Cette consanguinité génère-t-elle davantage de maladies ou de mortalité ?
SP : Certaines pathologies rares sont fréquentes, notamment le syndrome de Bloom, qui génère des cancers précoces et dont les joues rouges sont un signe. Il arrive que des enfants meurent de cancer, ou que des fratries entières soient décimées entre 40 et 50 ans, tous à la suite de cancers. Dans mon livre, j’évoque le cas des Pincemin, l’une des plus grosses familles de "La Famille" : sur les 20 dernières années, leur moyenne d’âge au décès est de 58 ans, c’est 21 ans de moins que la moyenne nationale.

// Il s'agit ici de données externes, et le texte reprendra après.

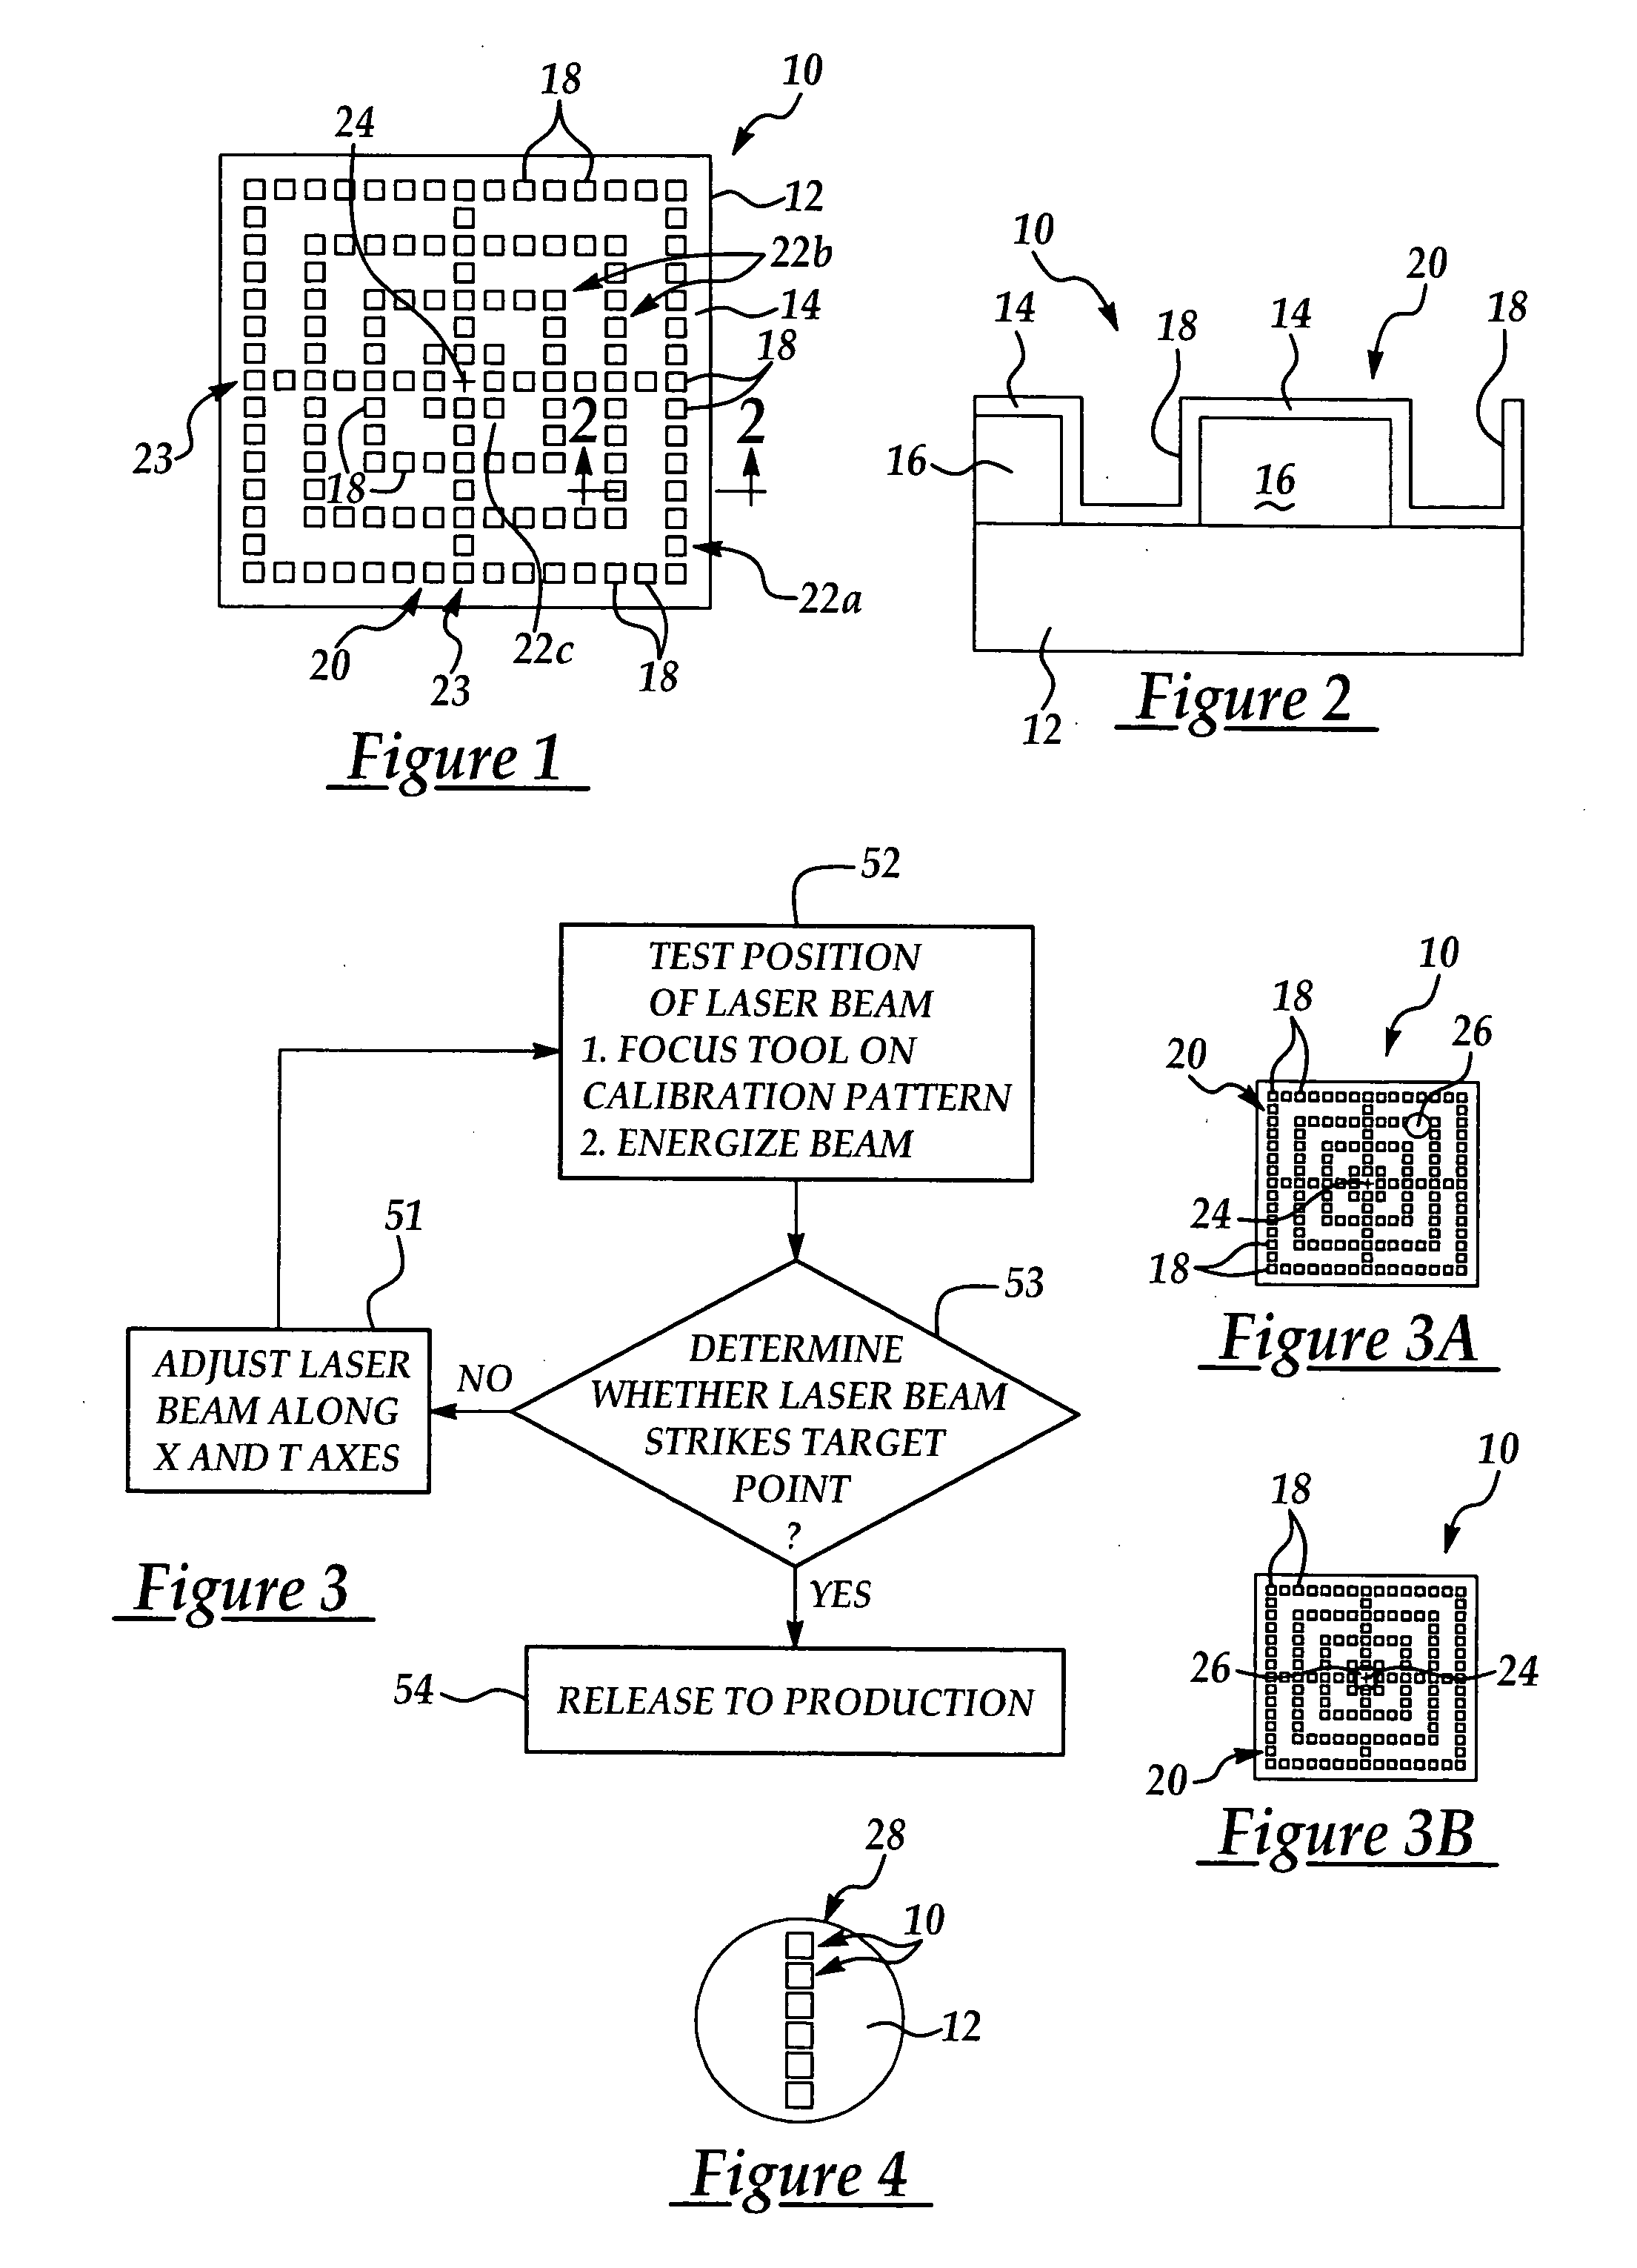 Test device and method for laser alignment calibration

Il y a aussi une surreprésentation d’autres pathologies : des omphalocèles à la naissance, avec l’intestin grêle qui sort de l’abdomen, des polydactylies avec des doigts en plus, de l’hémophilie qui est héréditaire ou des problèmes cardiaques. À cela s’ajoute l’alcoolisme, qui n’est pas une généralité mais un problème fréquent. Dans certaines familles, cela a des proportions pathologiques, parfois avec des conséquences sur les enfants d’un alcoolisme fœtal. Mais attention, je ne dis pas que "La Famille" n’est constituée que de gens malades ou handicapés. Juste que c’est un bocal clos, dans lequel les problèmes peuvent se développer plus rapidement qu’ailleurs. Il y a des familles entières ou tout se passe très bien sur le plan physique, et d’autres qui semblent tirer les mauvais numéros de la loterie.

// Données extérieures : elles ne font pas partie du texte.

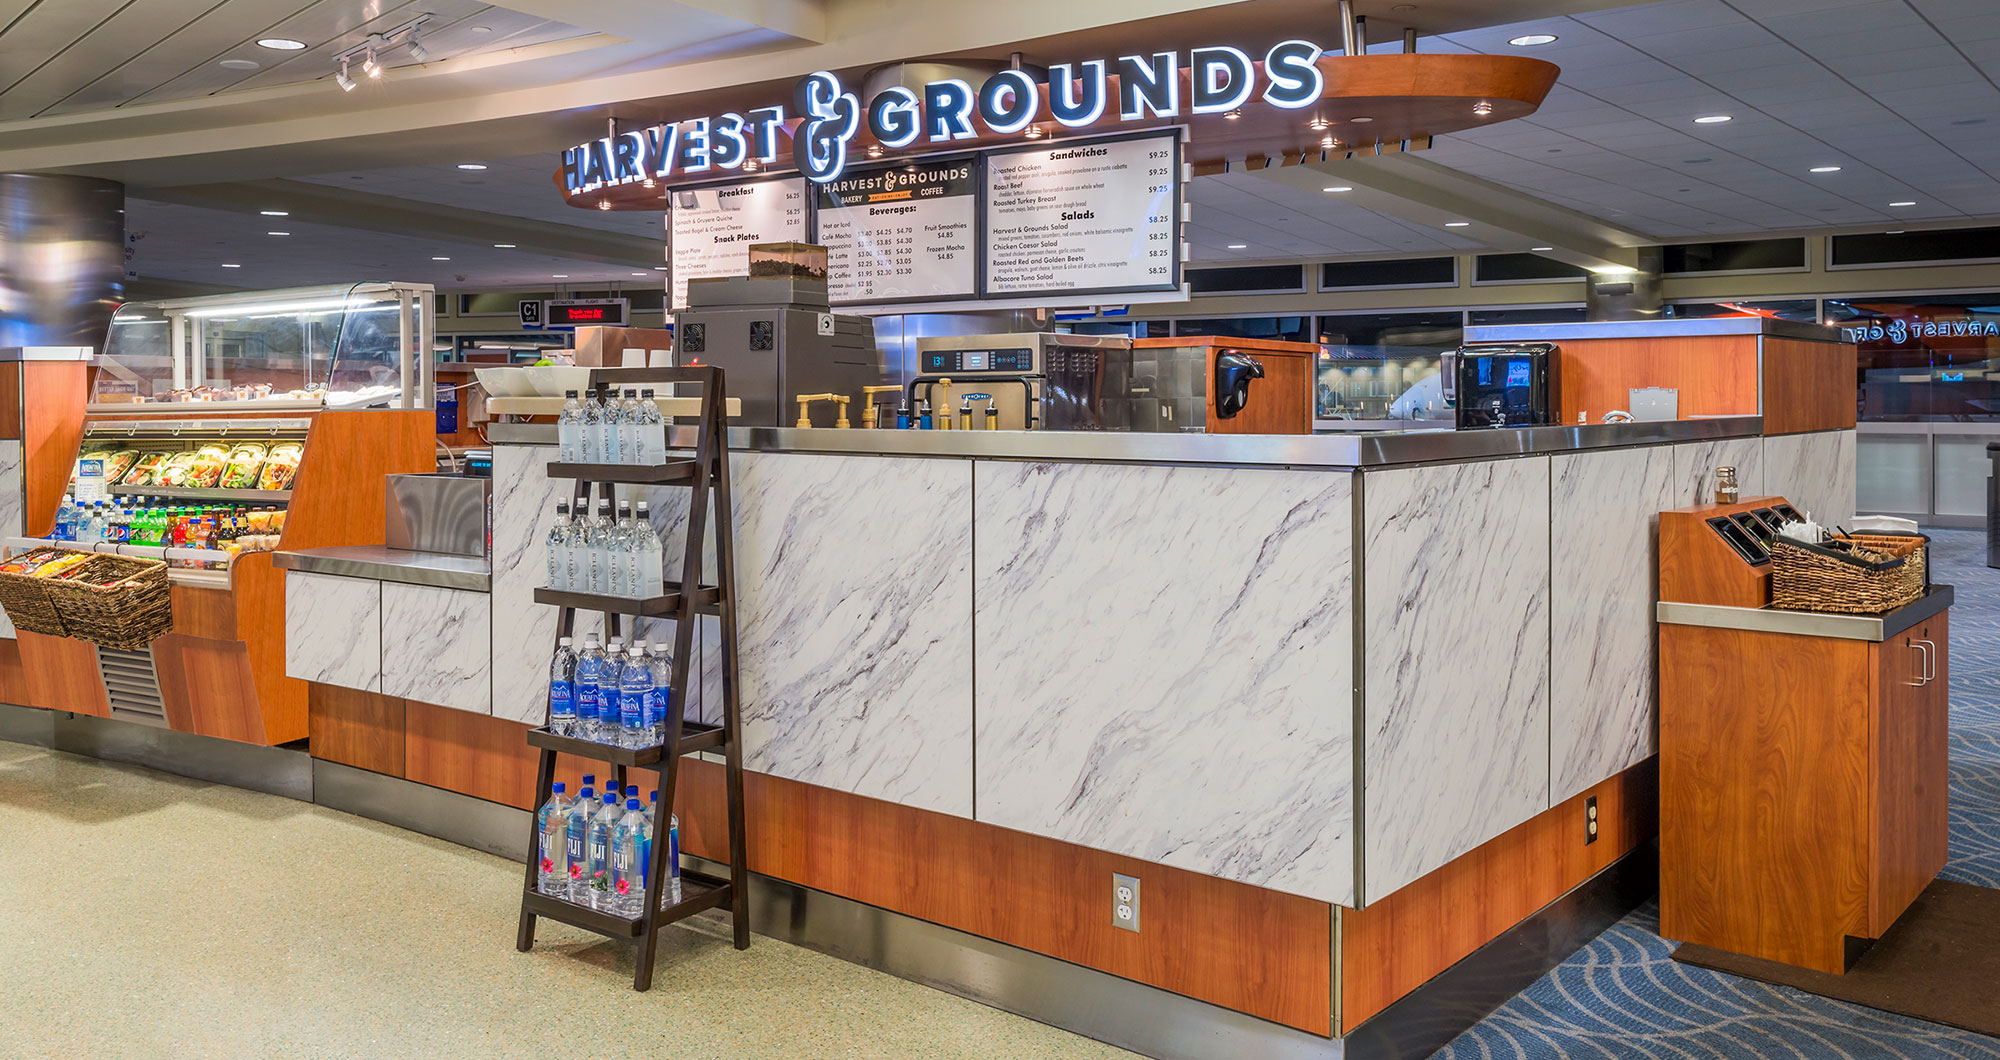 Harvest & Grounds in Boise Air Terminal

Ils savent que c’est lié à leur mode de vie et que leur patrimoine génétique ne va pas s’améliorer. Génétiquement, c’est très chaud : il y a parfois plus de 15 % de consanguinité et jusqu’à 16 ancêtres communs dans certaines familles. Ils en souffrent et ne sont pas à l’aise avec cette consanguinité, ils savent que ce n’est pas souhaitable. Je sais qu’ils font attention et qu’ils évitent les unions trop proches aujourd’hui. Mais quand le drame arrive et que des enfants ont des pathologies, ils l’acceptent, prennent soin du concerné et continuent même quand une fratrie entière est atteinte de troubles.
Cette enquête sur "La Famille" a-t-elle laissé des traces chez vous ? Avez-vous eu des retours de membres ? Envisagez-vous une suite ?

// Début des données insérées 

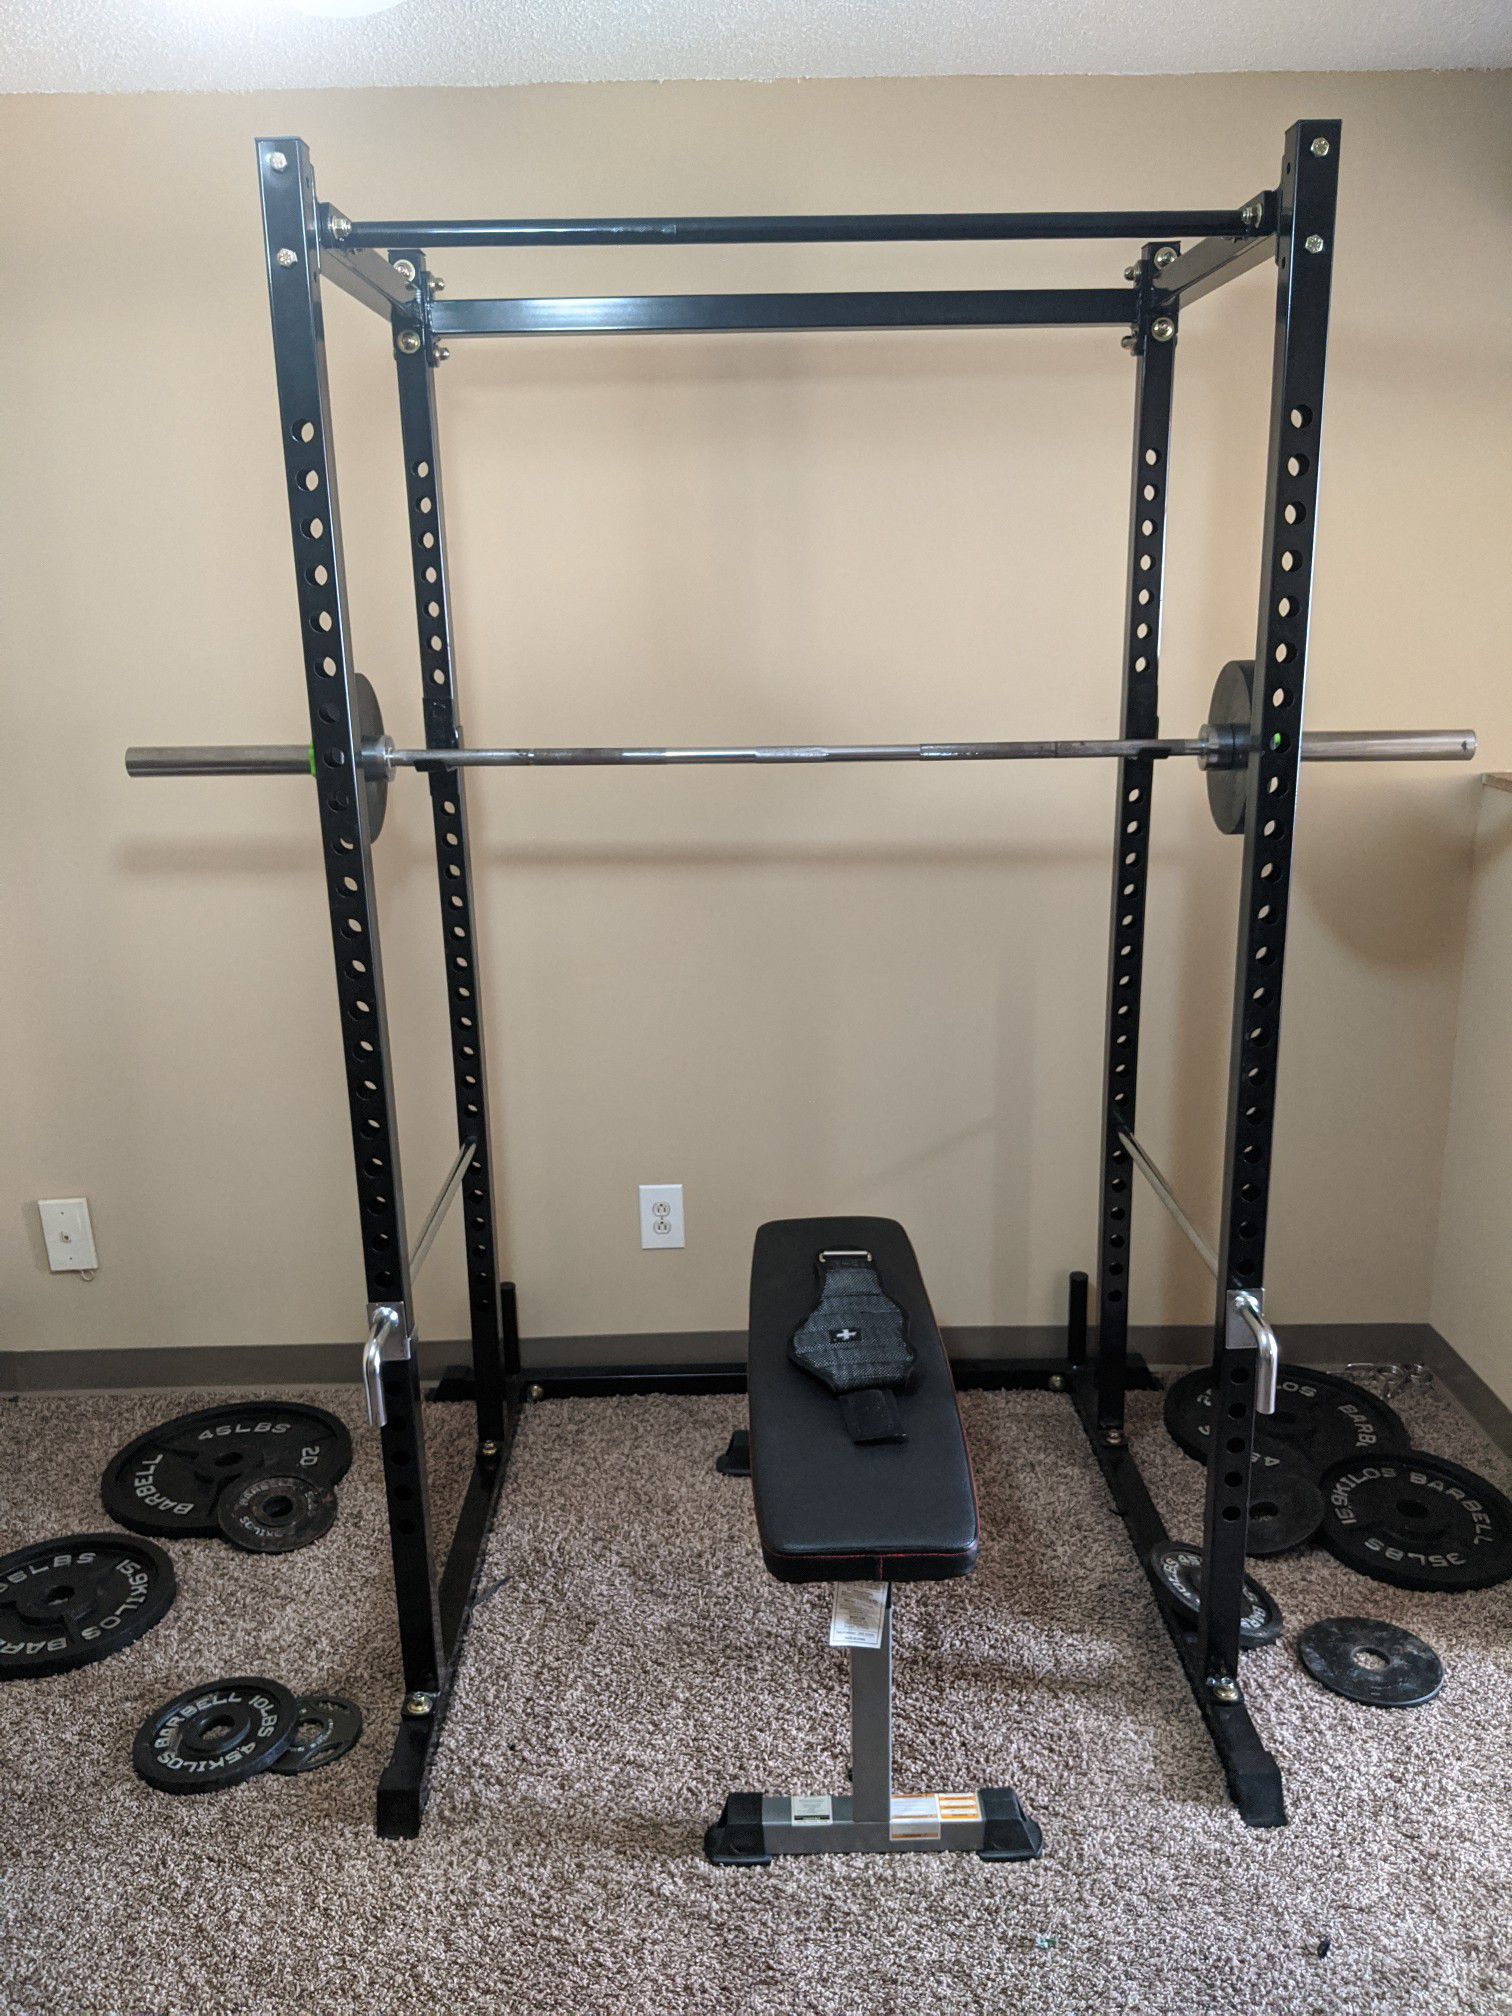 Squat rack with bench, weights, barbell and belt

SP : J’ai toujours un intérêt qui est là, mais ce n’est pas obsessionnel. Ce n’est pas comme pendant la période de recherches, où je regardais tous les gens dans la rue et scrutait les réseaux sociaux plusieurs fois par jour. Des membres de "La Famille" ont discuté entre eux du livre, pour dire que ce qui y est dit est assez vrai, même s’ils me reprochent une vision outrancière, qu’ils estiment être le reflet des positions de ceux qui sont partis, en particulier d’Antoine. On ne peut pas nier que ce soit le cas, car les dissidents ont été ma principale source d’information. Mais je tiens à signaler que même Antoine ne souhaite pas la disparition de la communauté, il est même le premier à rappeler qu’elle est porteuse de valeurs positives comme l’entraide et la solidarité. Son combat est contre la fermeture et la sujétion des enfants, et je ne peux qu’y souscrire !
Il n’y aura pas de suite, mais une adaptation en bande dessinée se précise. Avec mon livre, je me suis fait plaisir sur la forme, je ne voulais pas être en surplomb mais à hauteur d’homme. C’est avant tout un projet littéraire, qui va là où ne peuvent aller les caméras.
* La loi française interdit les unions entre ascendants et descendants, entre frères et sœurs, entre demi-frères et demi-sœurs, entre oncles et tantes et entre nièces et neveux.